Built at Marinette Marine, the ship is is the second surface combatant designed and built by a Lockheed Martin (NYSE: LMT)-led industry team. The trials, conducted in Lake Michigan from April 30 to May 4, included a four-hour full-power run and both surface and air detect-to-engage demonstrations of the ship’s combat management system. Major systems and features were demonstrated, including aviation support, small boat launch handling and recovery, and ride control.
Acceptance trials are the last significant milestone before delivery of the ship to the Navy. The ship was presented to the Navy’s Board of Inspection and Survey (INSURV) with high levels of completion.
“Fort Worth performed extremely well during its trials,” said LCS Program Manager Capt. John Neagley. “The ship’s level of completion coupled with Marinette Marine’s excellent craftsmanship resulted in relatively few material deficiencies.”
During the four-day trial, the Navy conducted comprehensive tests intended to demonstrate the performance of the propulsion plant, ship handling and auxiliary systems and demonstrated improved performance in comparison to the first ship of the class that, says the Navy, is a result of design stability, facility improvements and production efficiencies by the shipbuilder.
Fort Worth will join sister ships USS Freedom and USS Independence, which have already been commissioned, when she is commissioned September 22, in Galveston, Texas. In addition, Milwaukee (LCS 5) is under construction at the Marinette Marine Corp. shipyard, and Coronado (LCS 4) and Jackson (LCS 6) are under construction at the Austal USA shipyard in Mobile, Ala.
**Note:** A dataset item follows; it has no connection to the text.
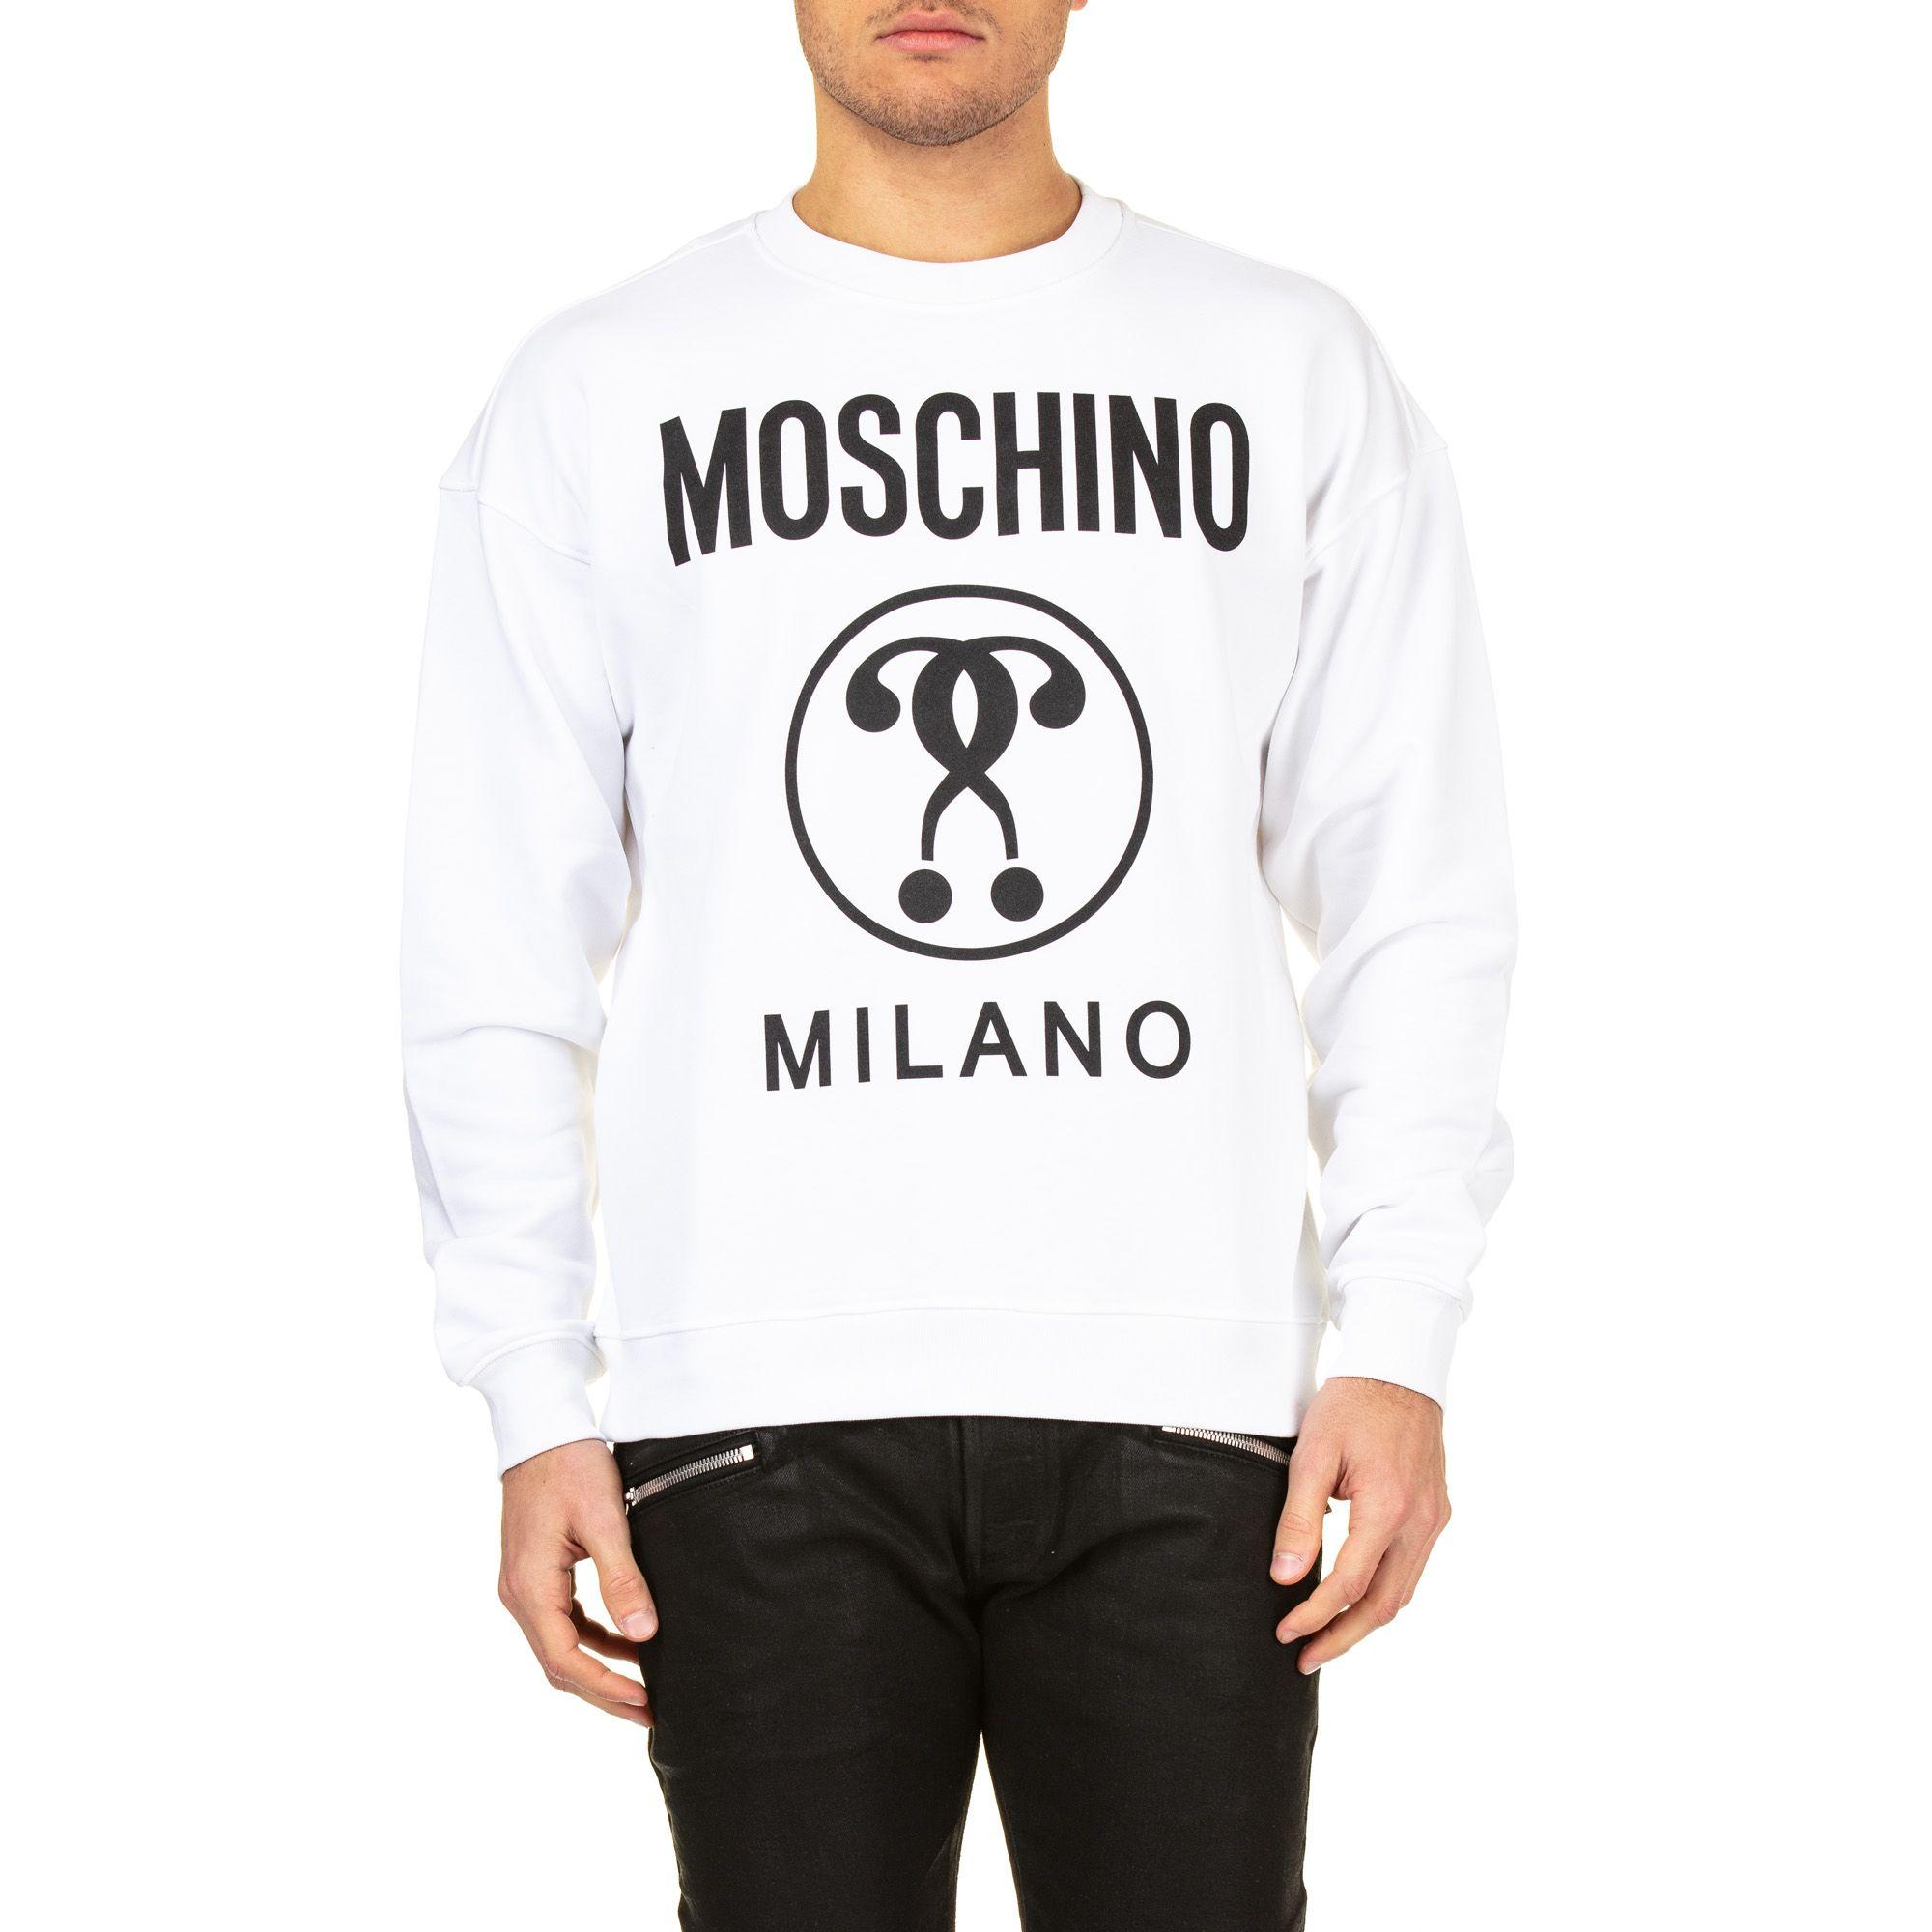 Moschino White Cotton Sweatshirt in White for Men - Save 12% - Lyst

Naval Sea Systems Command (NAVSEA) says that the Navy continues to remain committed to a 55 ship LCS program and is leveraging competition, fixed-price contracting and serial production to reduce construction duration and costs. In addition, the Navy is committed to ensuring that prior to the start of fabrication, the ship design is mature and the requirements are well understood.
“Lessons leaned from our lead ship, USS Freedom, have directly contributed to the successful acceptance trials of our second ship,” said Joe North, vice president of Littoral Ship Systems at Lockheed Martin’s Mission Systems & Sensors business. “As we continue serial production, we’re reducing costs and building these high-quality ships faster.”
The Lockheed Martin-led LCS team includes shipbuilder Marinette Marine Corporation, a Fincantieri company,and naval architect Gibbs & Cox, as well as domestic and international teammates.